Growing up here when I did, though, I was forbidden the waters of the Ranch, a private reserve of the rich and powerful. But my father loved to fish in that long stretch above the logjam that marks the Ranch border, water that is still known as Last Chance. The river between Big Springs and Mack’s may have been for childish things, but this was grown-up fishing. As soon as I was tall enough to safely wade it, my father included me in his summer expeditions. It was 130 miles on two-lane roads to get there, and about five miles from the river, we would begin obsessing about the hatch. The big, orange splat of a salmonfly hitting the windshield would bring shouts of anticipation. We would fish until it was too dark to see, have dinner at Mack’s Inn, and then my dad would drive home while I slept. A size 16 Parachute Adams was pretty much the only fly we needed.

My uncle Chris bore a resemblance to the late Jim Harrison that was more than just physical, running to food, drink, and storytelling. He taught me and my father before me and my brother after me, how to fly fish and wing-shoot. So when Chris told me that, so long as you didn’t get out of the boat, the millionaires who owned the Ranch couldn’t stop you from floating through their property and catching their fish, it was a challenge that no teenager could resist. As for getting out of the boat, we were discouraged from that by the range rider who flanked us on horseback as we drifted through. We were pretty sure that the .30-30 carbine in his saddle scabbard was just for the coyotes, but we weren’t taking any chances. Chris, however, didn’t bother to warn us that there is a little drop on the downstream side of the Stock Bridge that can’t be seen until it is too late. The stay-in-the-boat rule apparently didn’t apply to capsizing. Fortunately, no one got shot and only our pride was injured. And, because it was the middle of a hot July day, with no hatches or rising fish, we had little pride left at that point.

In 1982, the Ranch became a state park and was opened to the public. As good as the fishing at Last Chance was, the Ranch was a revelation. This was dry fly fishing at its finest. The stretch below the logjam is easily waded, with no interference on your backcast, and full of fish. Although technically a tailwater, the Ranch section is in fact a giant spring creek, 100 yards wide, thick with moss, and incredibly bug-rich. Over the season, a dozen distinct species of mayfly emerge from its waters, ranging from size 22 Tricos to size 8 gray drakes. Add half a dozen caddis species, big lumbering salmonflies, and banks full of hoppers, and it is easy to see why a pilgrimage to the Ranch became part of every fly fisher’s bucket list.

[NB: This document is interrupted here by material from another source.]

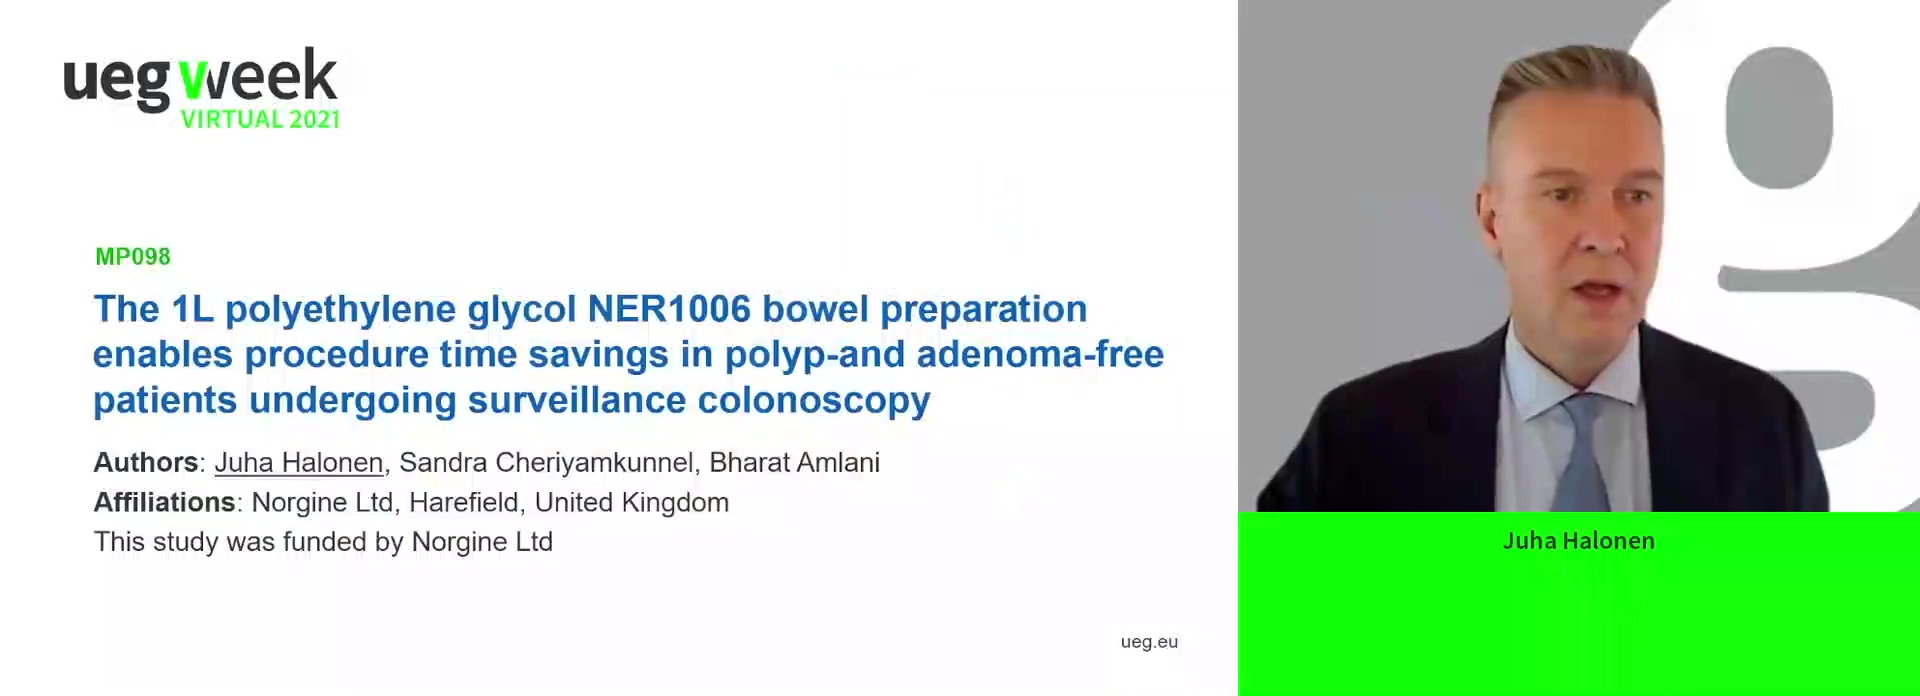 THE 1L POLYETHYLENE GLYCOL NER1006 BOWEL PREPARATION ENABLES PROCEDURE TIME SAVINGS IN POLYP- AND ADENOMA-FREE PATIENTS UNDERGOING SURVEILLANCE COLONOSCOPY

But the quality of the fishing is matched by its difficulty. With all that food, the trout can afford to be picky—and they are. Subtle microcurrents act as an early-warning system for trout that know the dangers associated with a seemingly insignificant drag and can inspect a slow-moving fly at their leisure. Also, the wind is a constant. For many of the hatches, the appropriate flies are 18s and 20s, and designed to be indistinguishable from the thousands of mayflies that may blanket the surface. The fish rise in a rhythm that must be matched, and to complicate things further, they often move as they feed. It is easily among the most technical water in the United States. In reality, you don’t go to the Ranch to catch fish. You go to the Ranch to see if you are skilled enough to catch fish, testing yourself against an animal with a brain the size of an almond. And the average American League pitcher will have a higher batting average than anybody you find on the river.